Rating History
Dissemination Date Long-Term Rating Short-Term Rating Outlook Action Rating Watch
19-Mar-26 A A1 Stable Maintain -
20-Mar-25 A A1 Stable Maintain -
20-Mar-24 A A1 Stable Maintain -
20-Mar-23 A A1 Stable Initial -
About the Entity

US Denim Mills (Pvt). Limited is a private limited Company incorporated on January 18, 2005. The Company operates under the umbrella of AJ Holdings (Pvt). Limited. The operational infrastructure comprises a weaving unit with 229 air jet looms and 20 power looms. The overall control of the board rests with ten-members from the sponsoring families. The position of CEO is vested in Mr. M. Irfan Nazir Ahmed. He has twenty-nine years of professional experience and holds an MBA qualification.

Rating Rationale

US Denim Mills (Pvt). Limited (“UDML” or “the Company)” is a recognized name in Pakistan’s weaving industry. Operating within the fabric vertical of the US Group, the Company has established its position as a leading denim fabric manufacturer, catering to the top international clientele. This is underpinned by its cutting-edge production capabilities and stringent quality control measures. Over the years, the Company’s topline has demonstrated steady growth in business volumes, supported by enhanced geographical presence with its offices in the US and Turkey.
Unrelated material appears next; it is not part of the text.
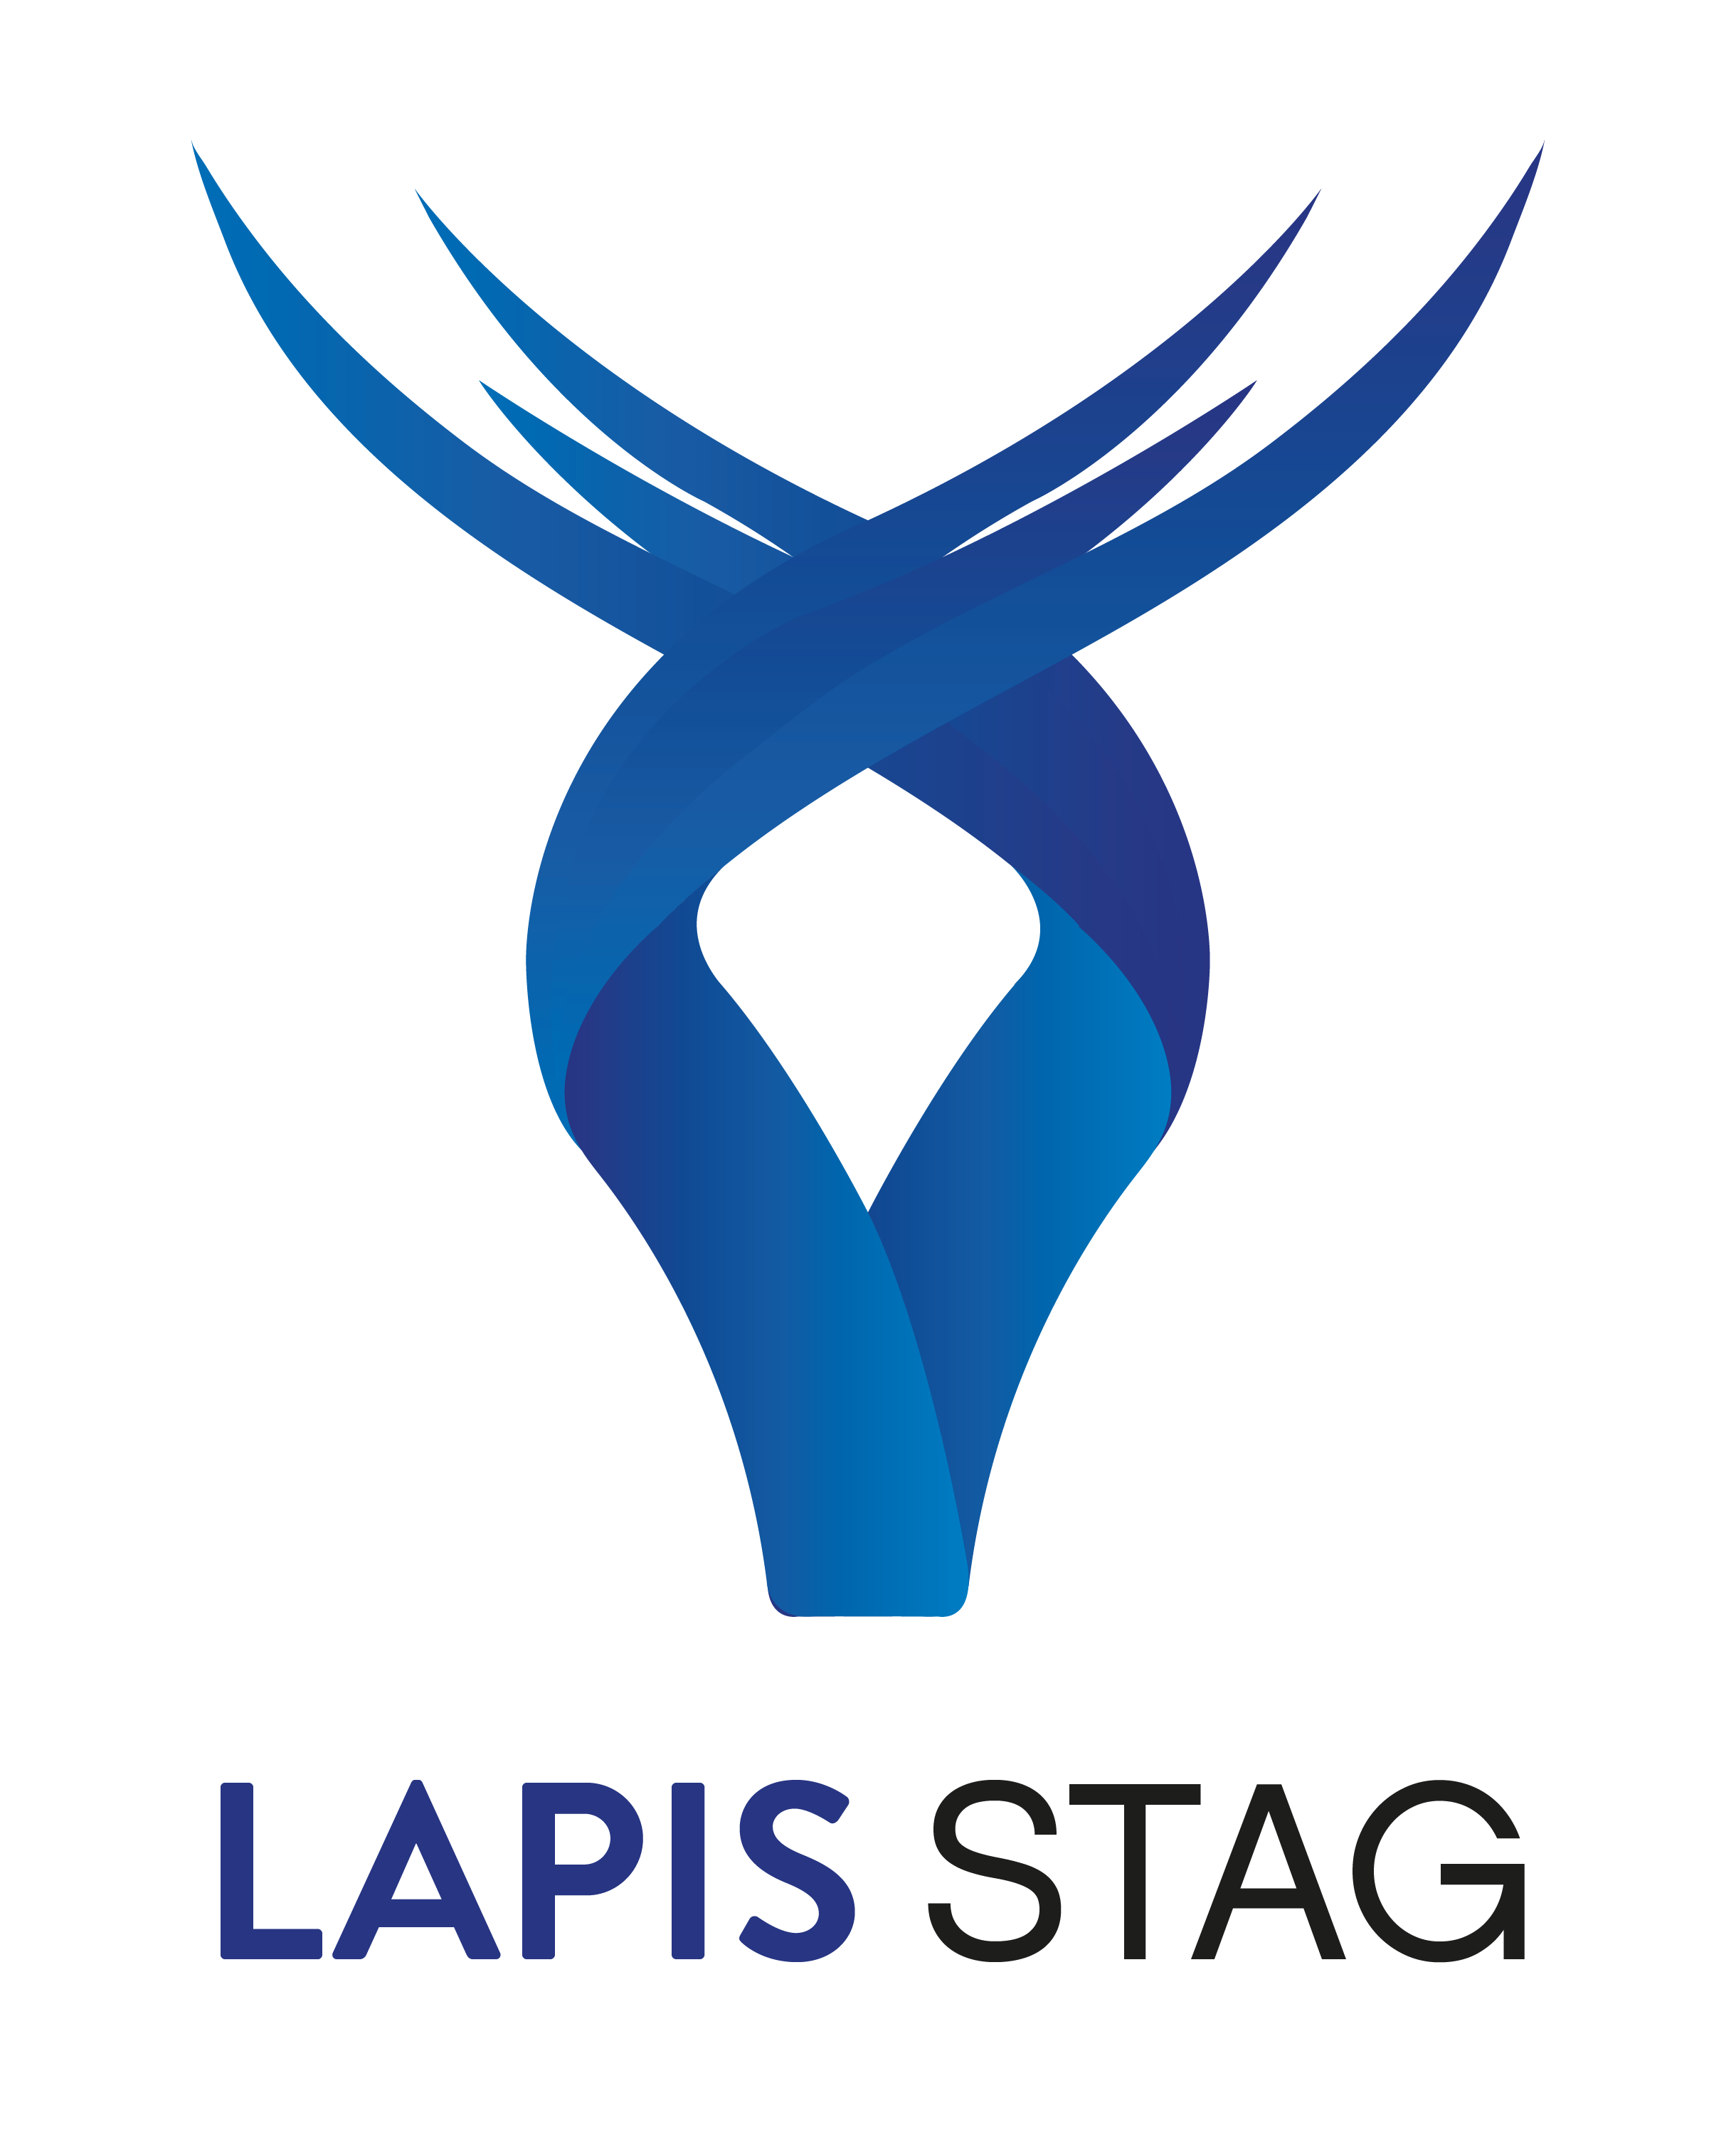 Lapis Stag Digital Marketing Agency

Indirect exports remain the primary revenue contributor, with a significant portion derived from inter-group (captive) business. The Company’s revenue base moderated marginally (FY25: PKR 27.8bln; FY24: PKR 29.6bln) primarily due to product pricing challenges, following the imposition of US reciprocal tariffs alongside intense competition from the regional players. While there was upward push in the cost, the market conditions did not allow sale prices to be revised upwards. Strategically, the Company continues to prioritize a profit-centric approach rather than relying solely on volumetric expansion. The gross profit margin was compressed, attributed to an inflated production cost. Key factors impacting the core profitability were expensive cotton procurement, elevated energy tariffs and a revision in wage rate. Deployment of surplus funds in bank deposits augmented the net profitability. However, this benefit was partially offset by the taxation expense, leading to a dilution in the bottom line (FY25: PKR 240mln; FY24: PKR 1.5bln).

The Company finances its working capital requirements primarily through internal cash generation and the subsidized EFS Scheme by the SBP. The sponsors have a conservative stance towards conventional debt, supporting a strong financial risk profile. The working capital cycle and coverages of the Company remain within a manageable range. On the sustainability front, the management intends to improve the operational efficiency through BMR in its existing manufacturing facility.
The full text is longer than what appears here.